When available, use the AArch64 AES instructions to implement the x86
ones. These are not a 1:1 fit, but considerably more efficient, and
without data dependent timing.

For a typical benchmark (linux tcrypt mode=500), this gives a 2-3x
speedup when running on ThunderX2.

Signed-off-by: Ard Biesheuvel <ardb@kernel.org>
---
 host/include/aarch64/host/cpuinfo.h |  1 +
 target/i386/ops_sse.h               | 69 ++++++++++++++++++++
 util/cpuinfo-aarch64.c              |  1 +
 3 files changed, 71 insertions(+)

diff --git a/host/include/aarch64/host/cpuinfo.h b/host/include/aarch64/host/cpuinfo.h
index 82227890b4b4db03..05feeb4f4369fc19 100644
--- a/host/include/aarch64/host/cpuinfo.h
+++ b/host/include/aarch64/host/cpuinfo.h
@@ -9,6 +9,7 @@
 #define CPUINFO_ALWAYS          (1u << 0)  /* so cpuinfo is nonzero */
 #define CPUINFO_LSE             (1u << 1)

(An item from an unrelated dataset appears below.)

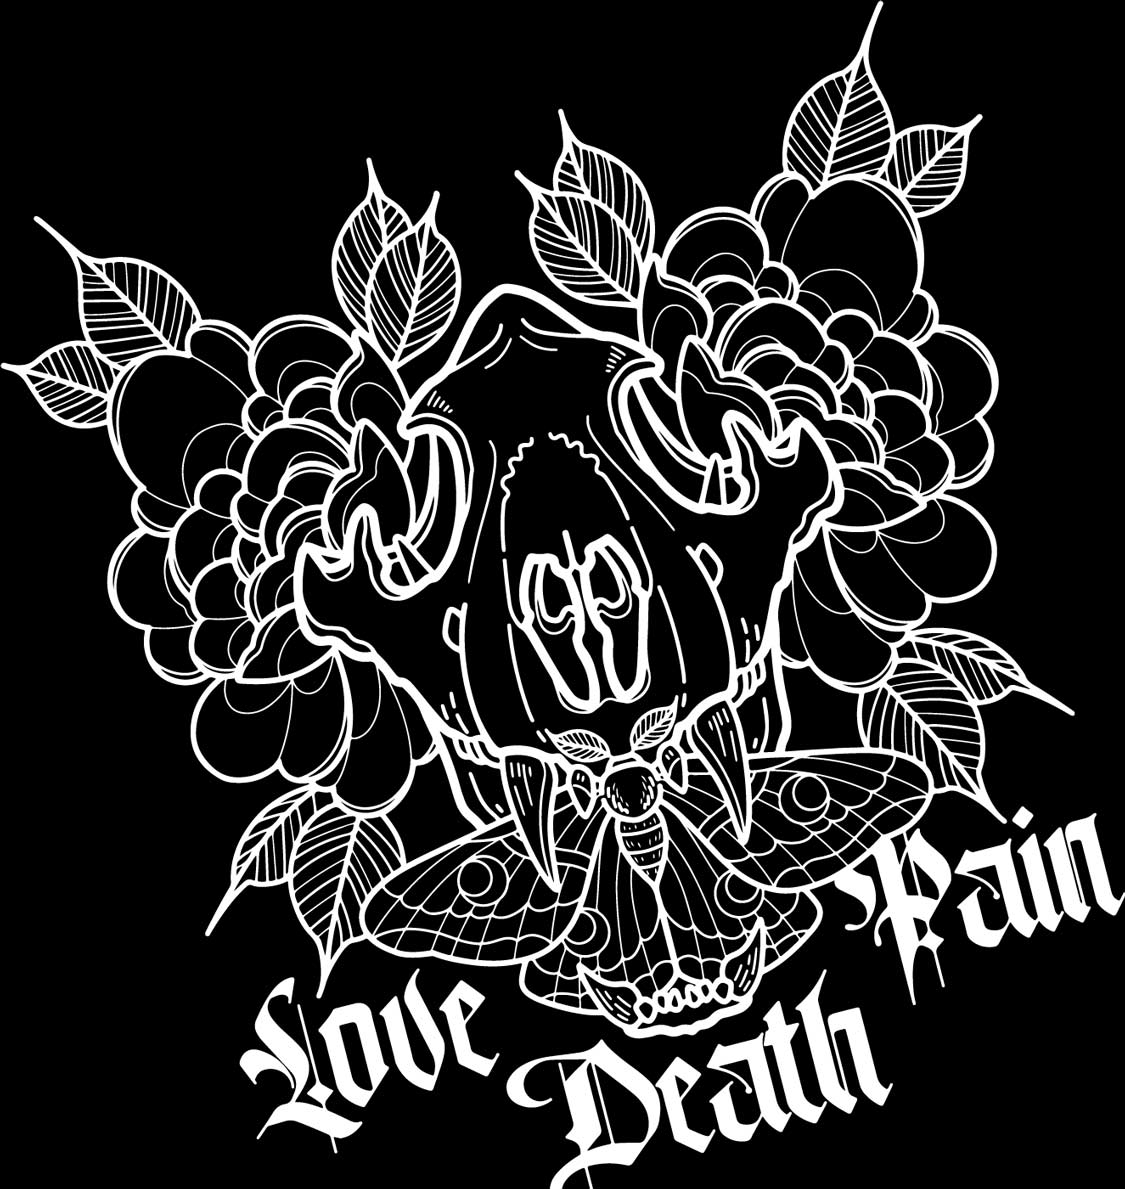 Love death pain logo

 #define CPUINFO_LSE2            (1u << 2)
+#define CPUINFO_AES             (1u << 3)
 
 /* Initialized with a constructor. */
 extern unsigned cpuinfo;
diff --git a/target/i386/ops_sse.h b/target/i386/ops_sse.h
index fb63af7afa21588d..db79132778efd211 100644
--- a/target/i386/ops_sse.h
+++ b/target/i386/ops_sse.h
@@ -20,6 +20,11 @@
 
 #include "crypto/aes.h"
 
+#ifdef __aarch64__
+#include "host/cpuinfo.h"
+typedef uint8_t aes_vec_t __attribute__((vector_size(16)));
+#endif
+
 #if SHIFT == 0
 #define Reg MMXReg
 #define XMM_ONLY(...)
@@ -2165,6 +2170,20 @@ void glue(helper_aesdec, SUFFIX)(CPUX86State *env, Reg *d, Reg *v, Reg *s)
     Reg st = *v;
     Reg rk = *s;
 
+#ifdef __aarch64__
+    if (cpuinfo & CPUINFO_AES) {
+        asm("   .arch_extension aes             \n"

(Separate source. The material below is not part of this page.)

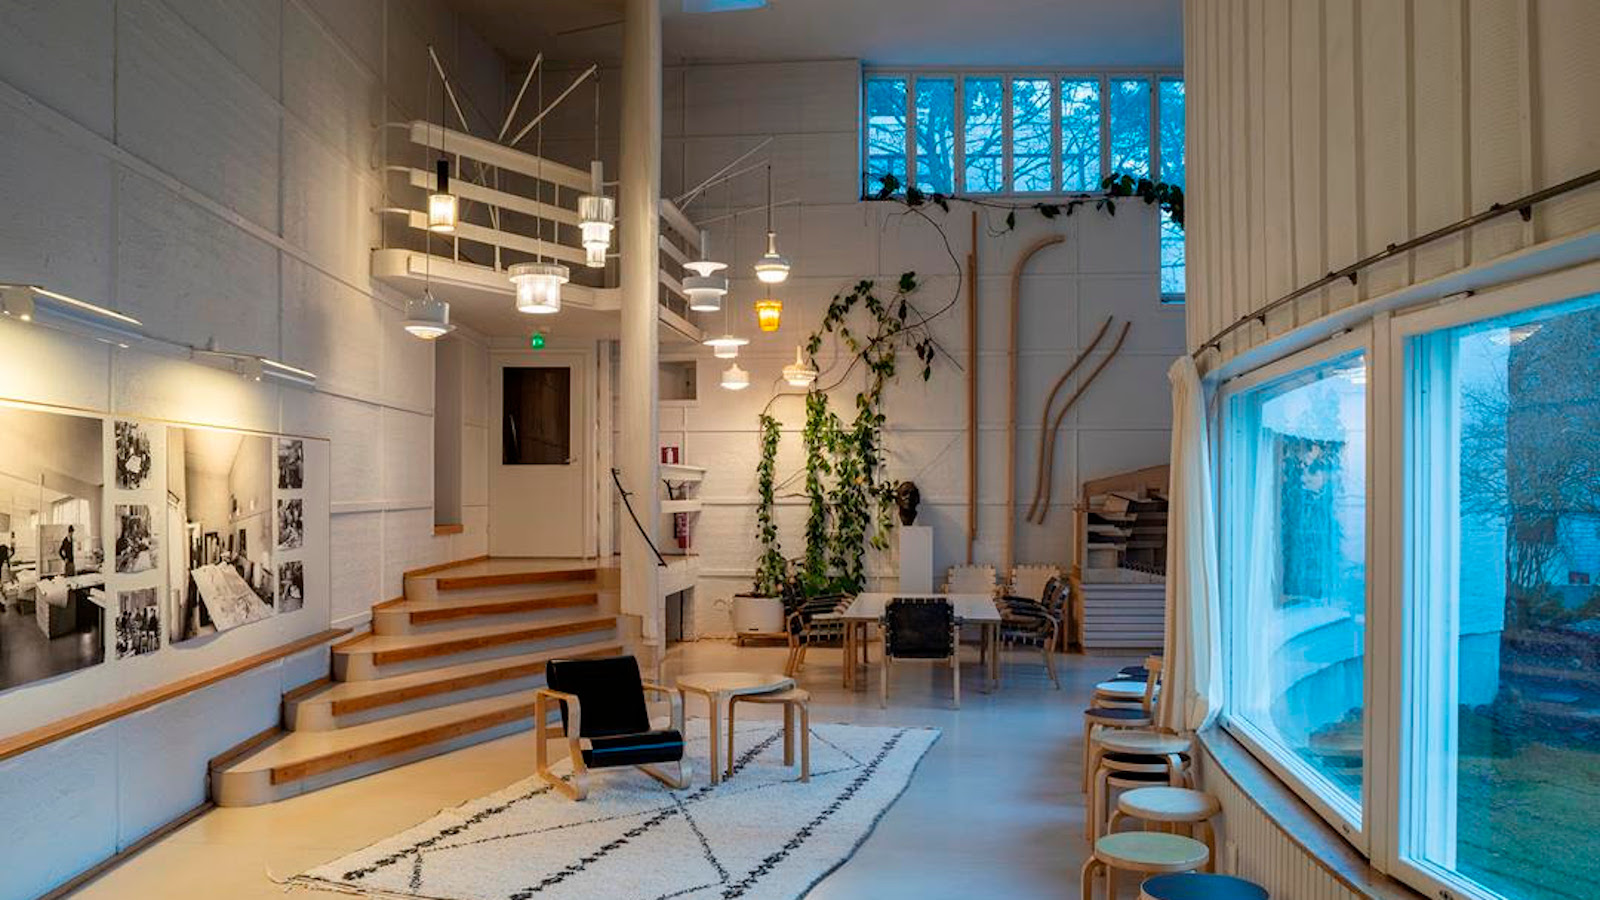 Kuvassa on Alvar Aallon ateljee, jossa on kierreportaat keskeltä huonetta yläkertaan.  Huoneessa on valkoisia sävyjä ja oikea seinä on puolipyöreä.

+            "   aesd    %0.16b, %1.16b          \n"
+            "   aesimc  %0.16b, %0.16b          \n"
+            "   eor     %0.16b, %0.16b, %2.16b  \n"
+            :   "=w"(*(aes_vec_t *)d)
+            :   "w"((aes_vec_t){}),
+                "w"(*(aes_vec_t *)s),
+                "0"(*(aes_vec_t *)v));
+        return;
+    }
+#endif
+
     for (i = 0 ; i < 2 << SHIFT ; i++) {
         int j = i & 3;
         d->L(i) = rk.L(i) ^ bswap32(AES_Td0[st.B(AES_ishifts[4 * j + 0])] ^
@@ -2180,6 +2199,19 @@ void glue(helper_aesdeclast, SUFFIX)(CPUX86State *env, Reg *d, Reg *v, Reg *s)
     Reg st = *v;
     Reg rk = *s;
 
+#ifdef __aarch64__
+    if (cpuinfo & CPUINFO_AES) {
+        asm("   .arch_extension aes             \n"

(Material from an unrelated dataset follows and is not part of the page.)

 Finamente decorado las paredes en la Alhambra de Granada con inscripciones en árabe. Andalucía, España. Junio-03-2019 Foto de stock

+            "   aesd    %0.16b, %1.16b          \n"
+            "   eor     %0.16b, %0.16b, %2.16b  \n"
+            :   "=w"(*(aes_vec_t *)d)
+            :   "w"((aes_vec_t){}),
+                "w"(*(aes_vec_t *)s),
+                "0"(*(aes_vec_t *)v));
+        return;
+    }
+#endif
+
     for (i = 0; i < 8 << SHIFT; i++) {
         d->B(i) = rk.B(i) ^ (AES_isbox[st.B(AES_ishifts[i & 15] + (i & ~15))]);
     }
@@ -2191,6 +2223,20 @@ void glue(helper_aesenc, SUFFIX)(CPUX86State *env, Reg *d, Reg *v, Reg *s)
     Reg st = *v;
     Reg rk = *s;
 
+#ifdef __aarch64__
+    if (cpuinfo & CPUINFO_AES) {
+        asm("   .arch_extension aes             \n"
+            "   aese    %0.16b, %1.16b          \n"
+            "   aesmc   %0.16b, %0.16b          \n"
+            "   eor     %0.16b, %0.16b, %2.16b  \n"
+            :   "=w"(*(aes_vec_t *)d)
+            :   "w"((aes_vec_t){}),
+                "w"(*(aes_vec_t *)s),
+                "0"(*(aes_vec_t *)v));
+        return;
+    }
+#endif
+
     for (i = 0 ; i < 2 << SHIFT ; i++) {
         int j = i & 3;
         d->L(i) = rk.L(i) ^ bswap32(AES_Te0[st.B(AES_shifts[4 * j + 0])] ^
@@ -2206,6 +2252,19 @@ void glue(helper_aesenclast, SUFFIX)(CPUX86State *env, Reg *d, Reg *v, Reg *s)
     Reg st = *v;
     Reg rk = *s;
 
+#ifdef __aarch64__
+    if (cpuinfo & CPUINFO_AES) {
+        asm("   .arch_extension aes             \n"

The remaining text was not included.